INPUT DATA >>

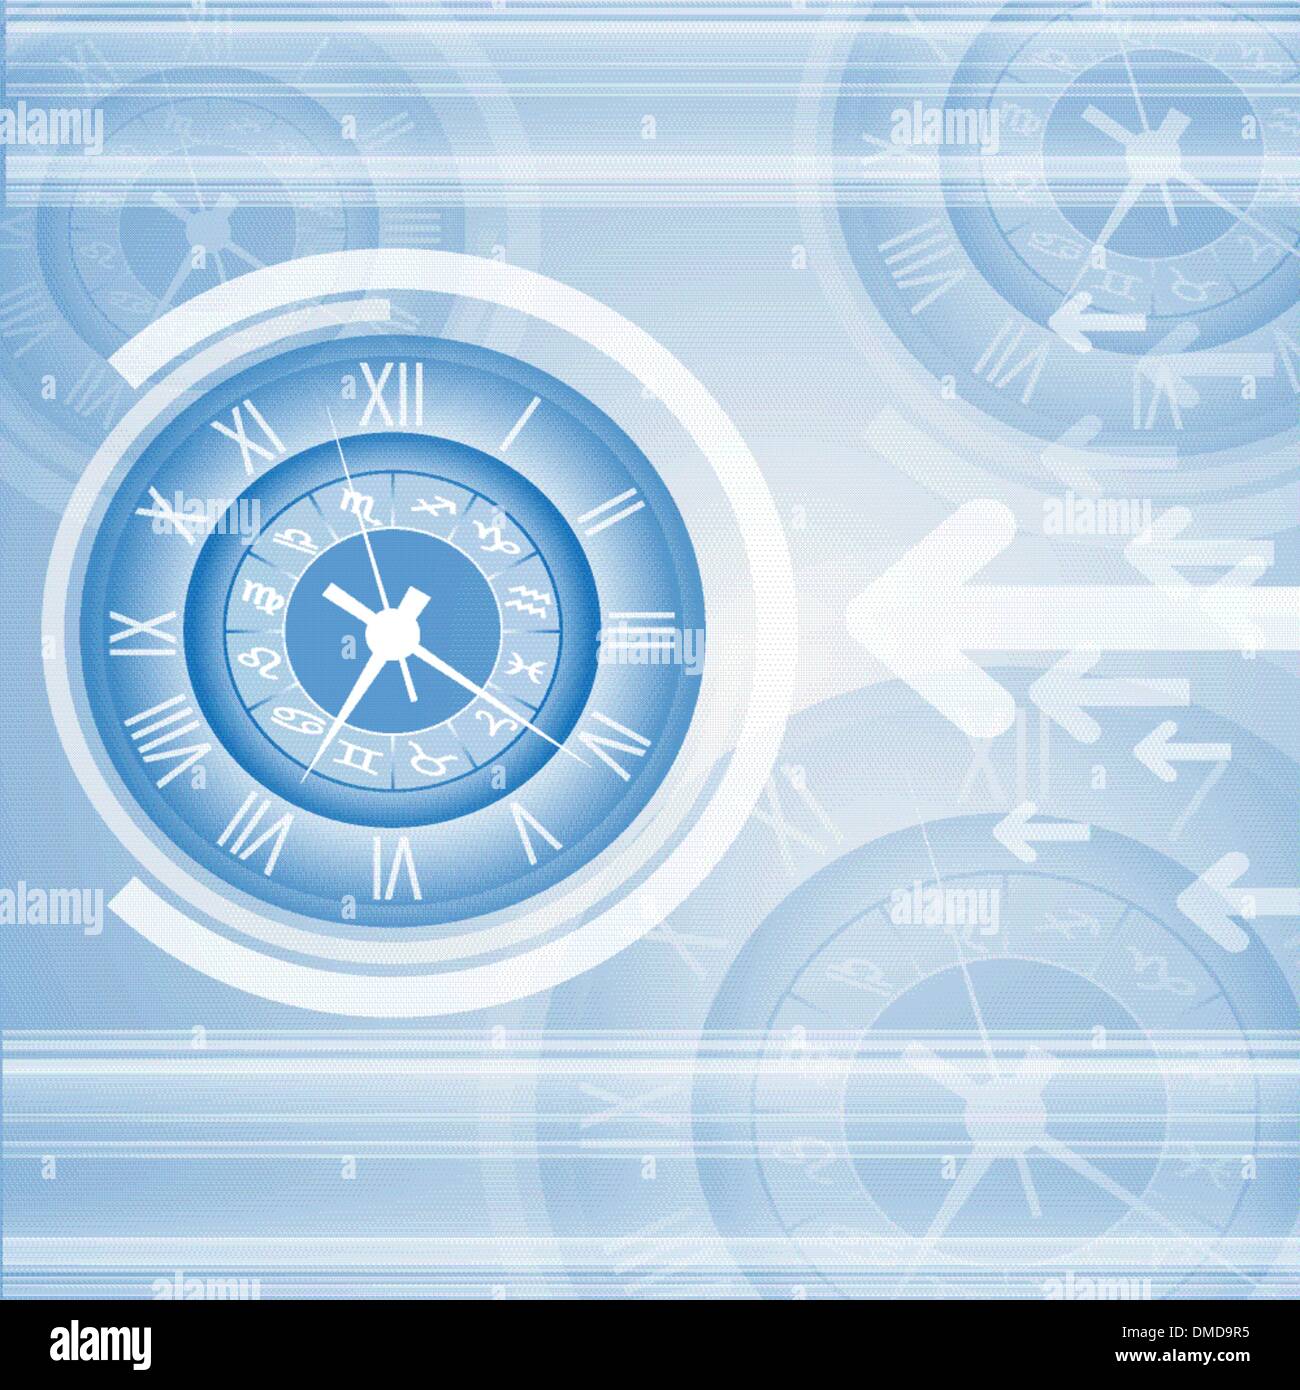 Abstrakte Uhr Vektor und Technik-Hintergrund Stock Vektor
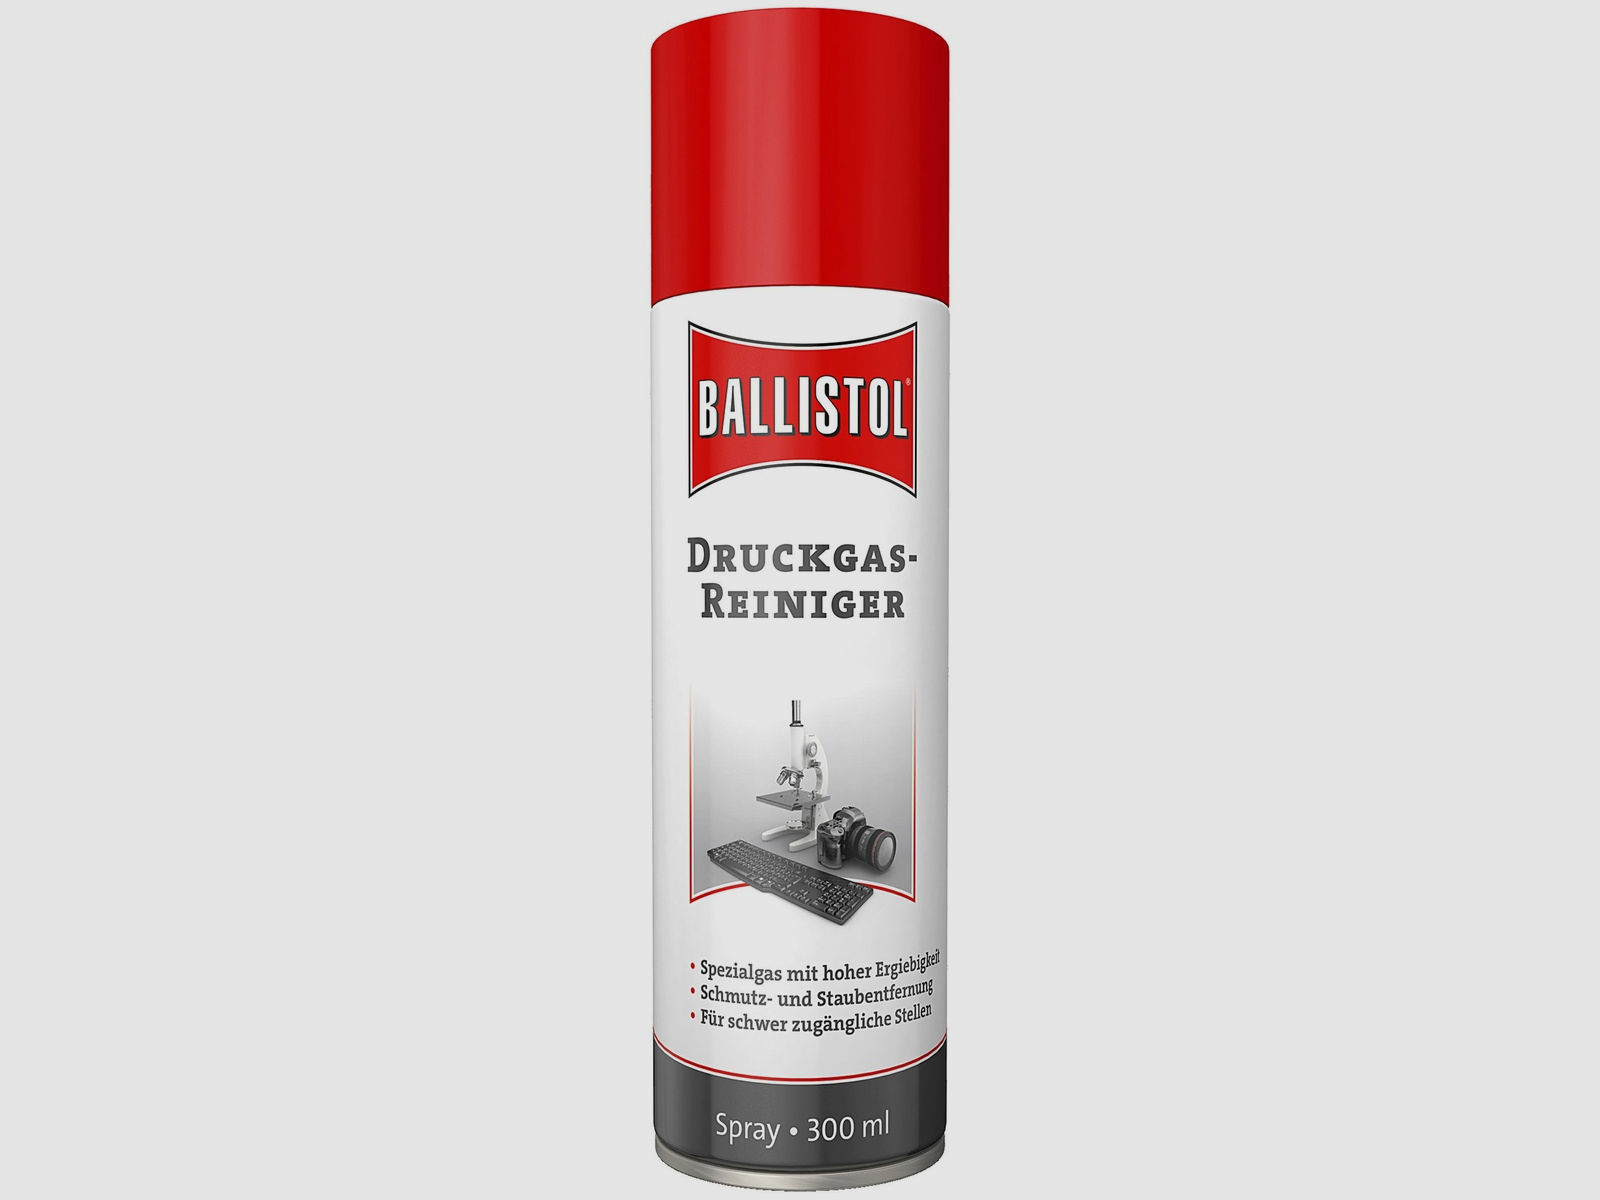 Ballistol Druckgas-Reiniger
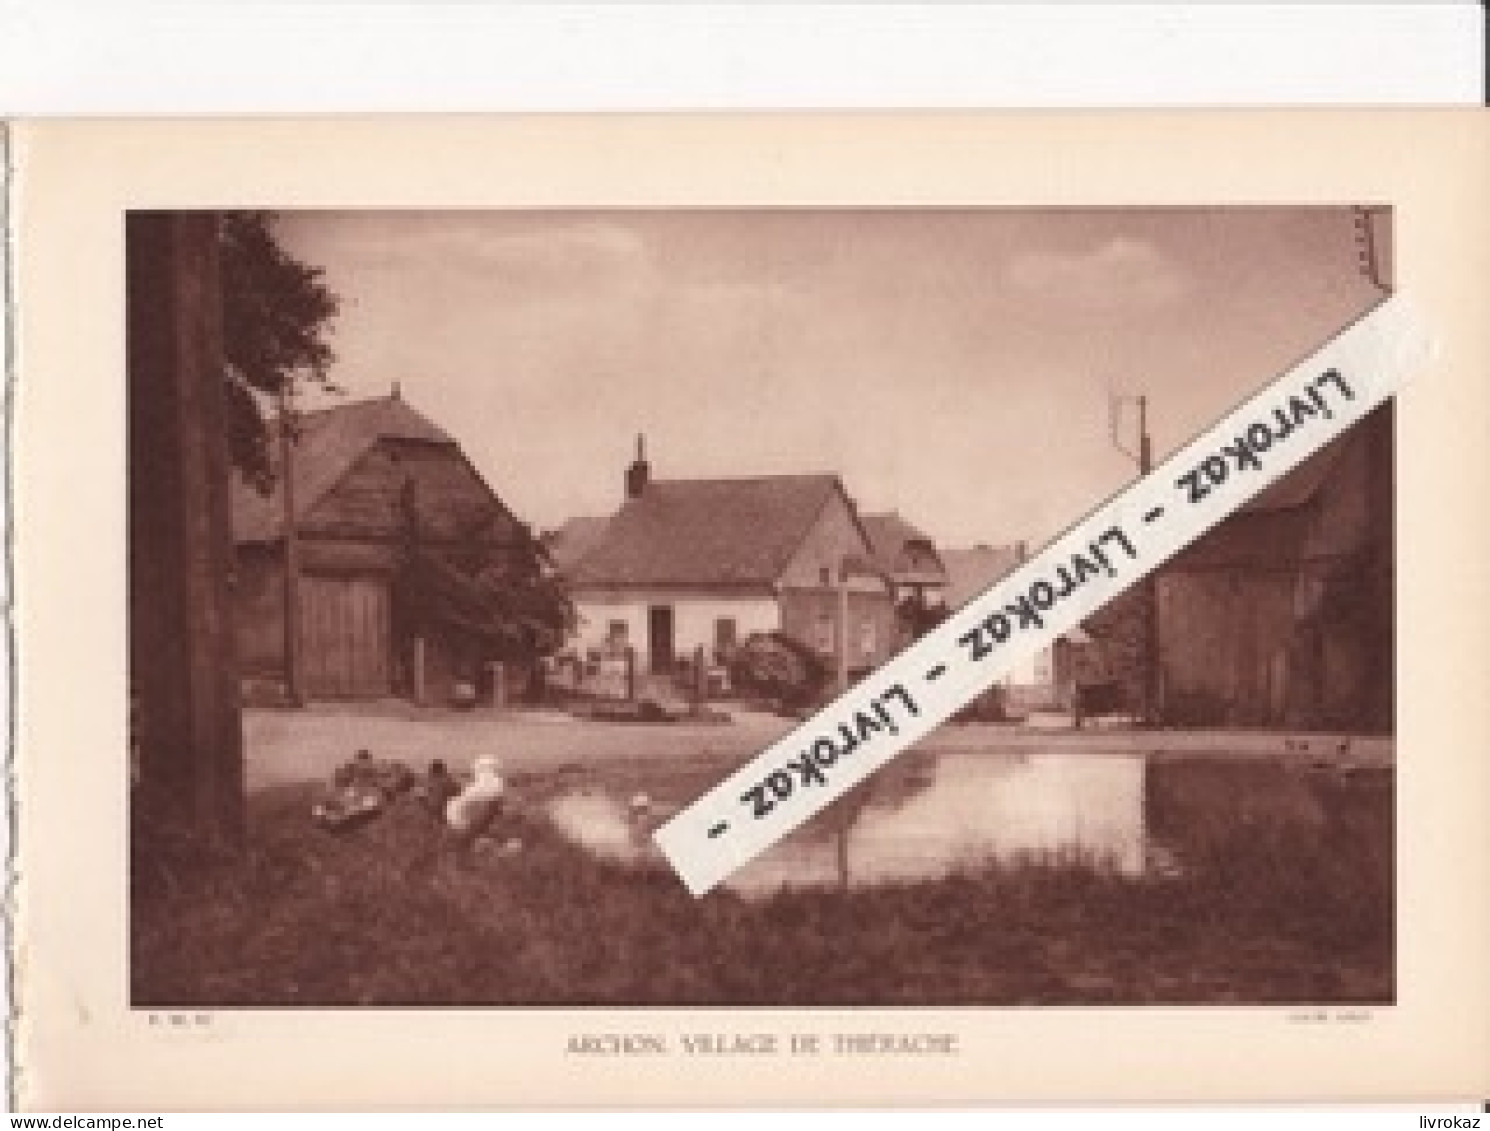 Archon, Village De Thiérache (Aisne), Photo Sépia Extraite D'un Livre Paru En 1933 - Unclassified

WHAT THIS TASK INVOLVES >> The reply has to reproduce every line above verbatim and contain no pictures.

RESPONSE TO THE TASK >>
 Abstrakte Uhr Vektor und Technik-Hintergrund Stock Vektor
 Ballistol Druckgas-Reiniger
 Archon, Village De Thiérache (Aisne), Photo Sépia Extraite D'un Livre Paru En 1933 - Unclassified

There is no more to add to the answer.